WHAT YOU ARE ASKED TO DO:
The answer is the exact run of lines in the listing below from the line containing "South Indian Super" up to and including the line containing "causas-de-las-varices", with pictures removed.

SUPPLIED RECORDS:

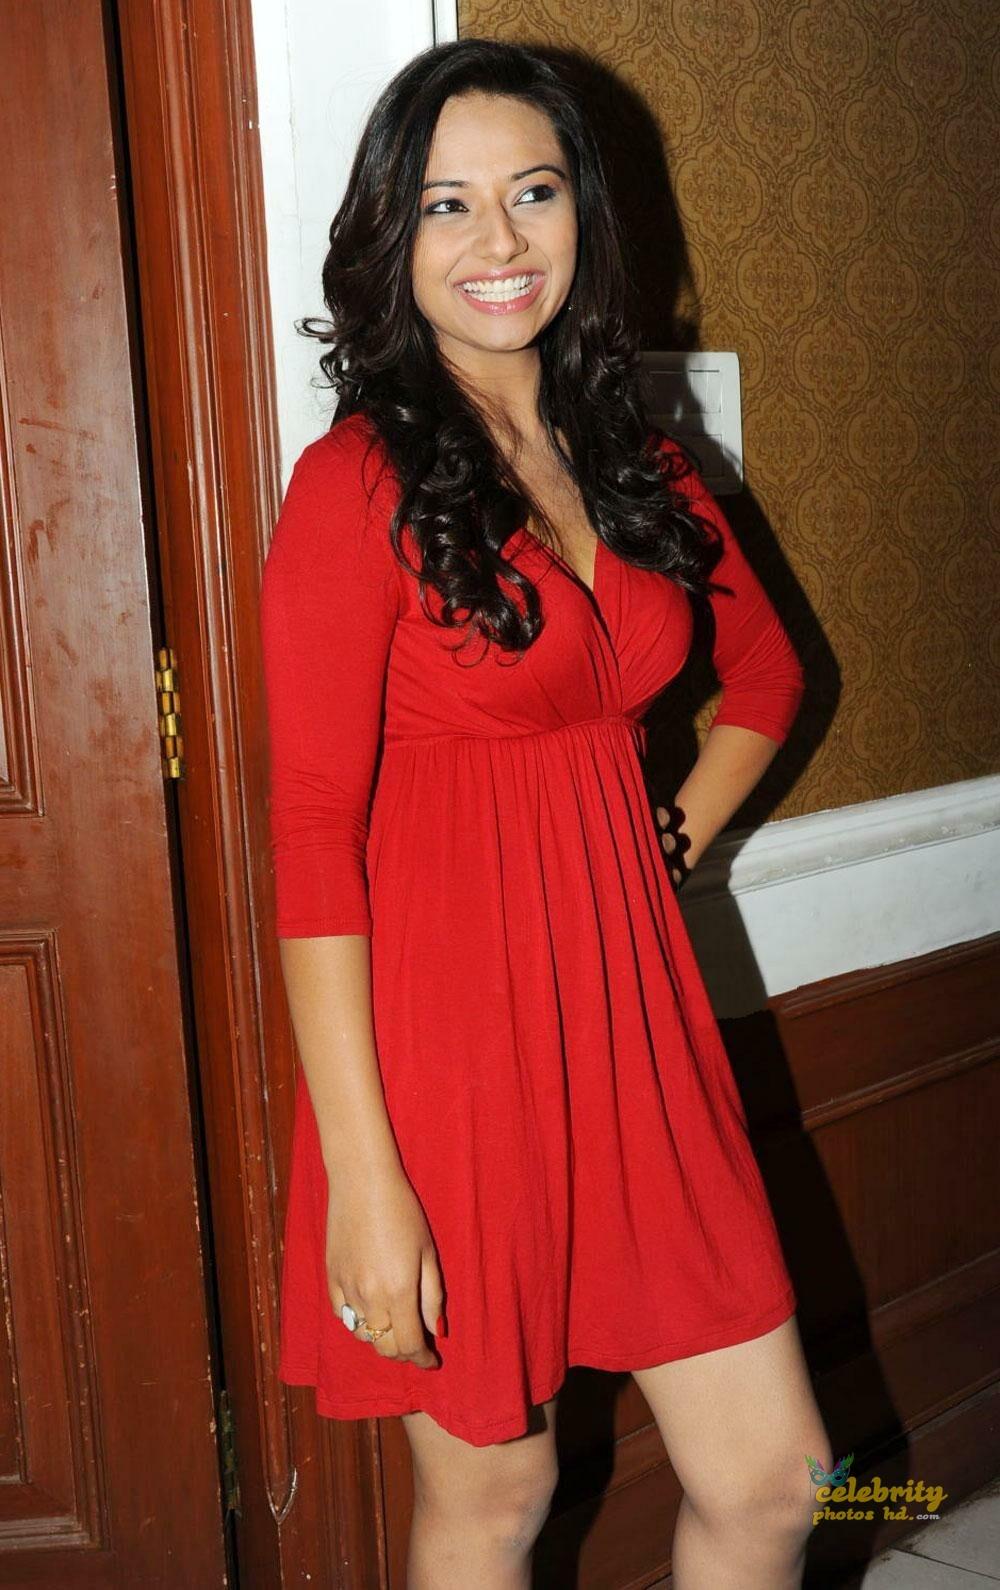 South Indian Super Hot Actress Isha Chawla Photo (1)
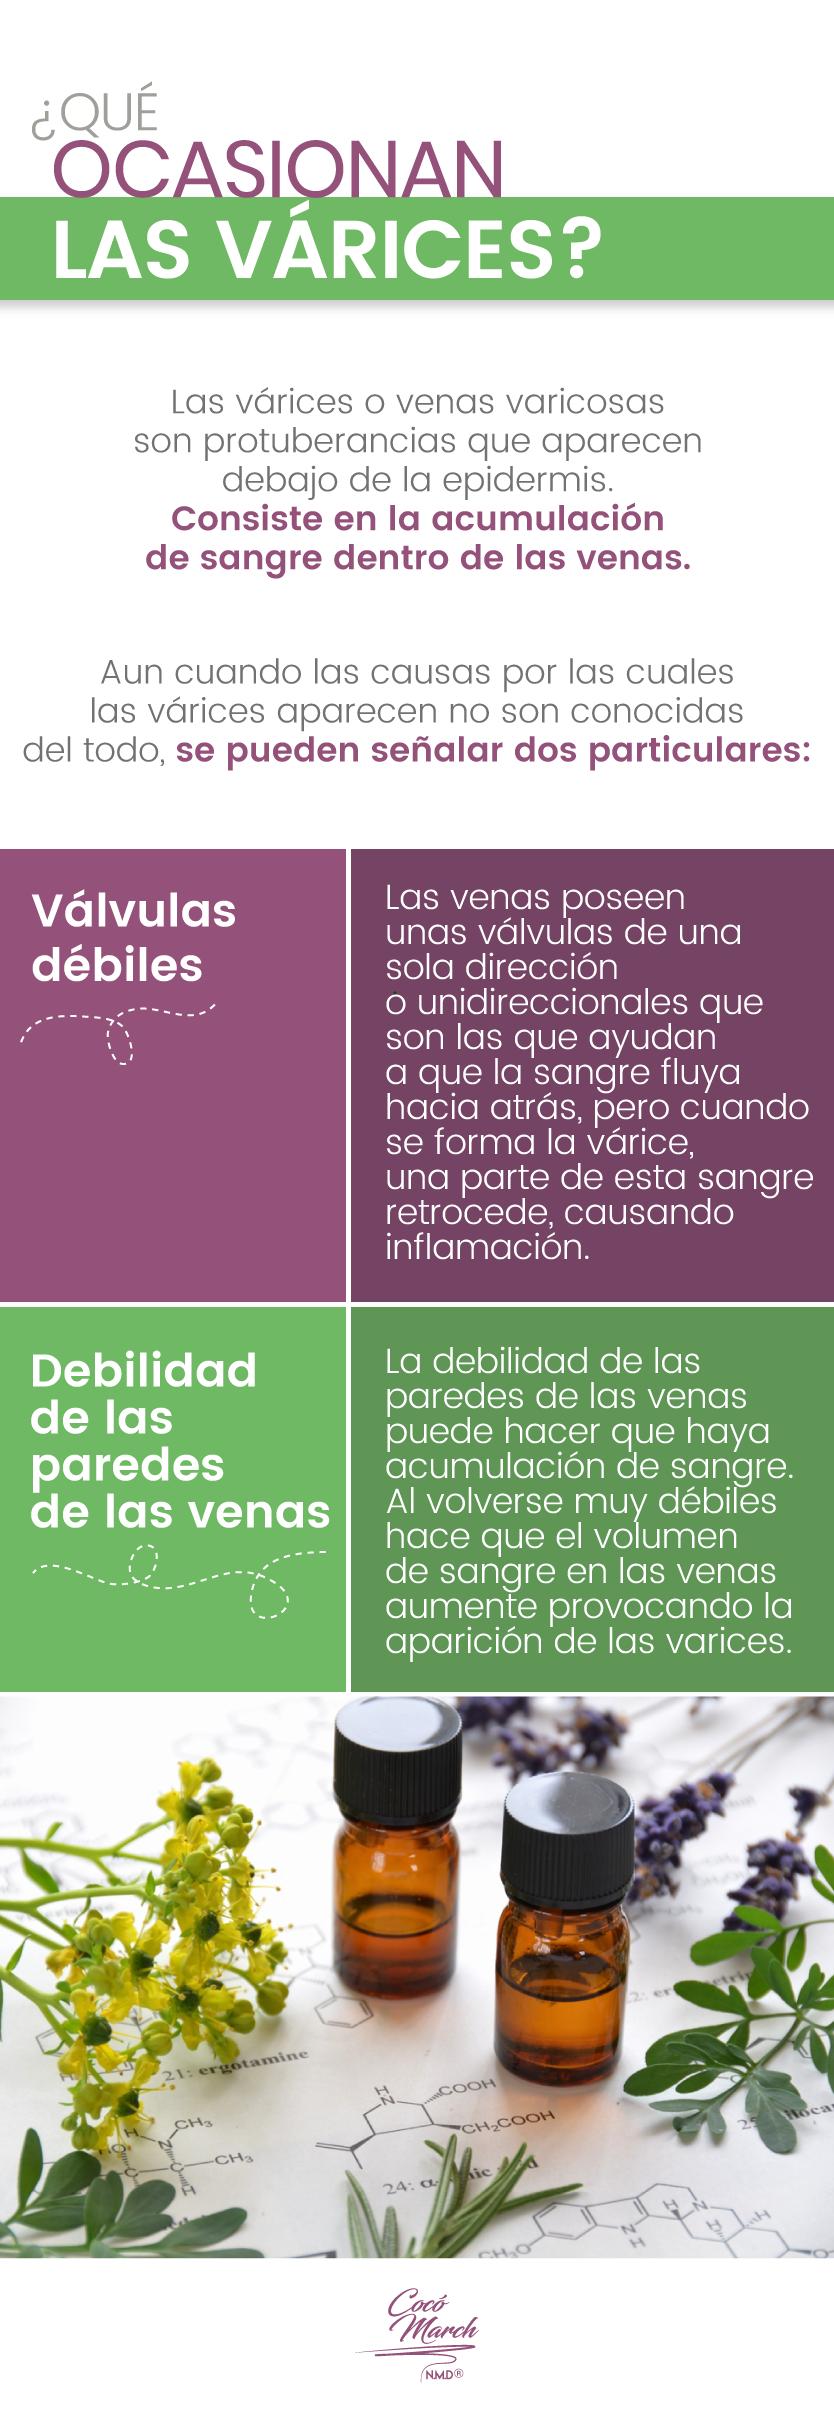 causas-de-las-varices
...
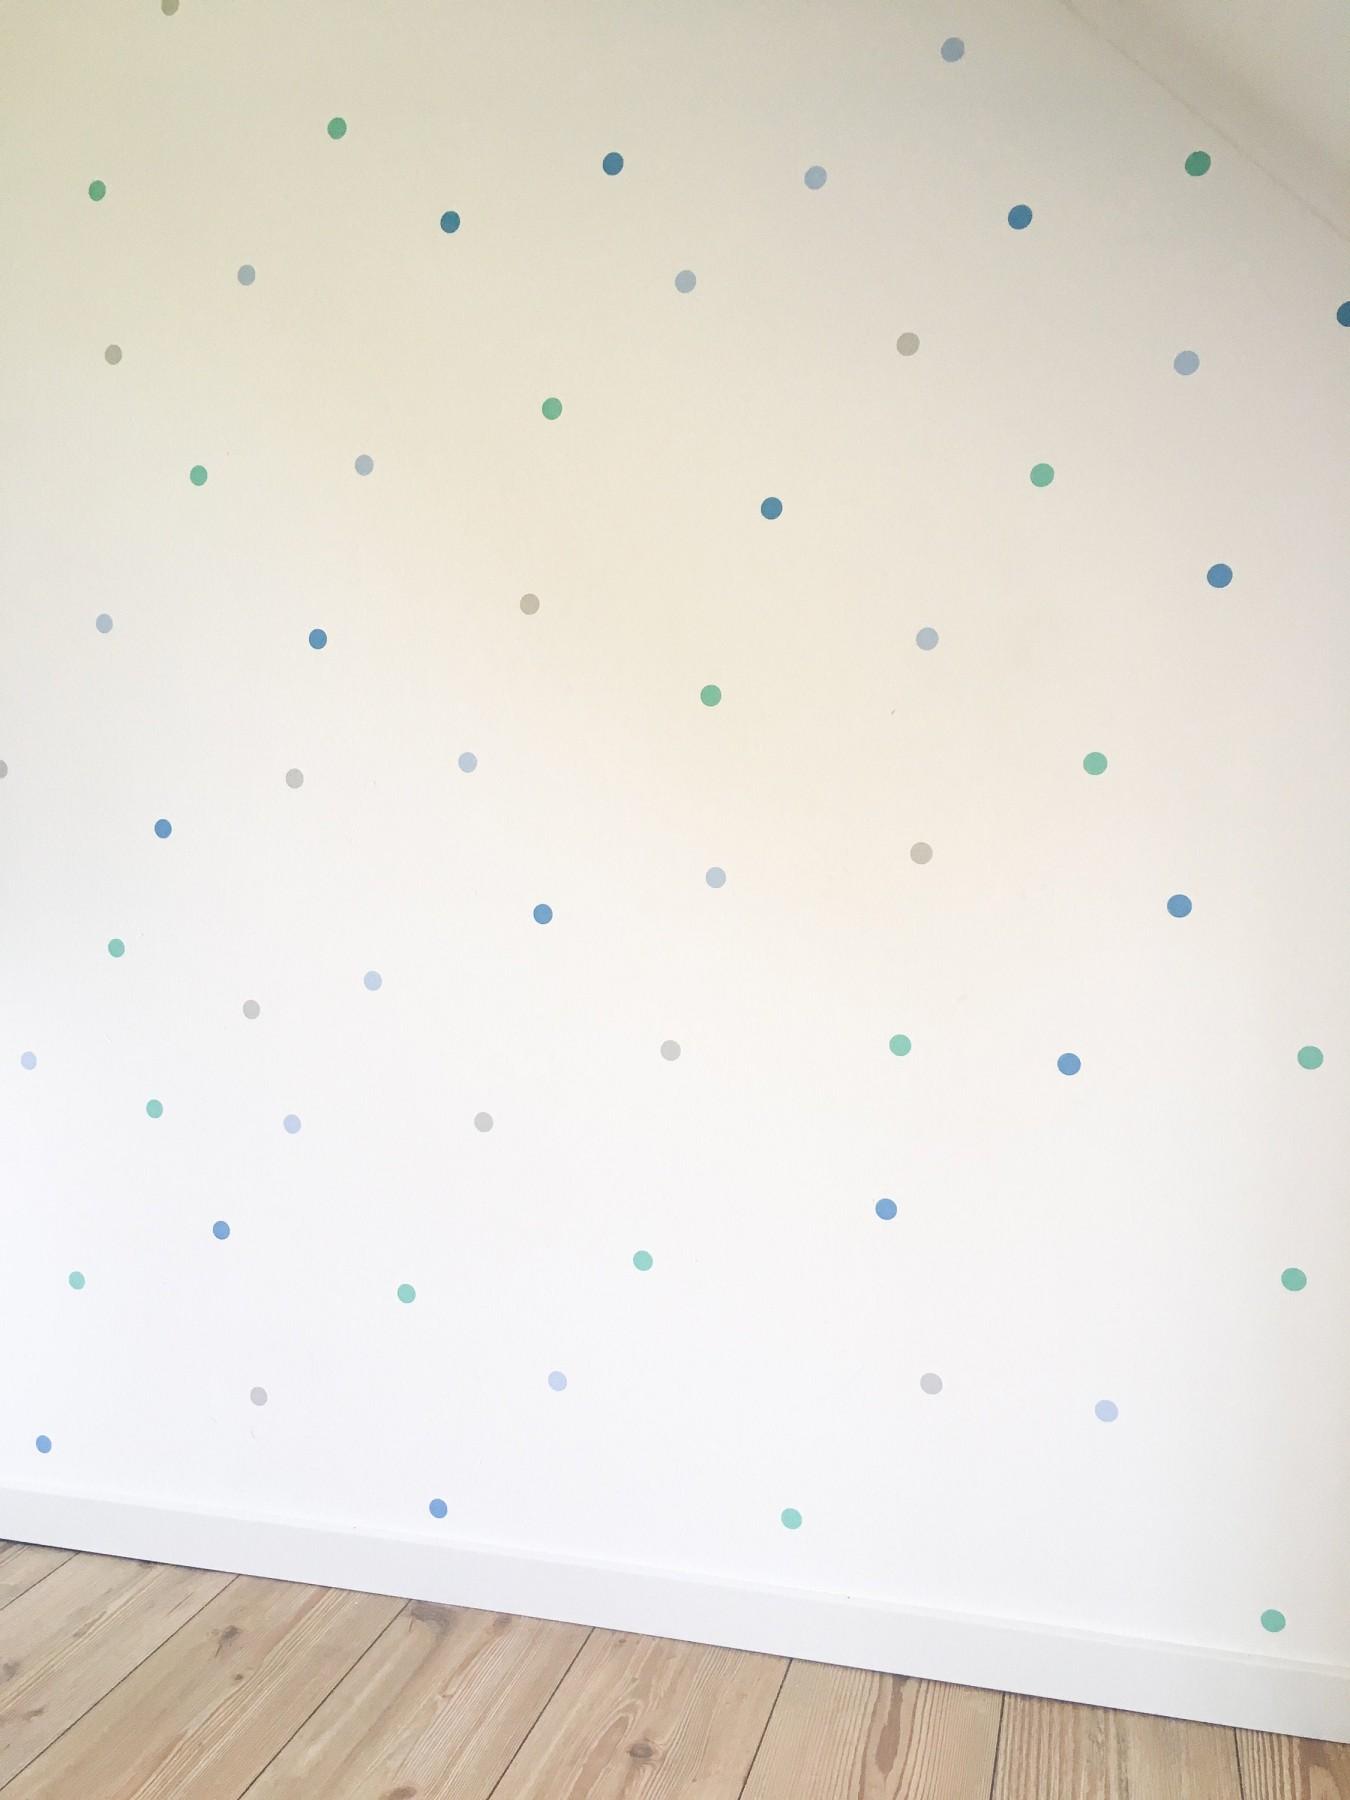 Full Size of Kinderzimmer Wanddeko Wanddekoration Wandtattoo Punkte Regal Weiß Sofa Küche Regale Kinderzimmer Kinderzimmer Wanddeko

EXERCISE OUTPUT:
 South Indian Super Hot Actress Isha Chawla Photo (1)
 causas-de-las-varices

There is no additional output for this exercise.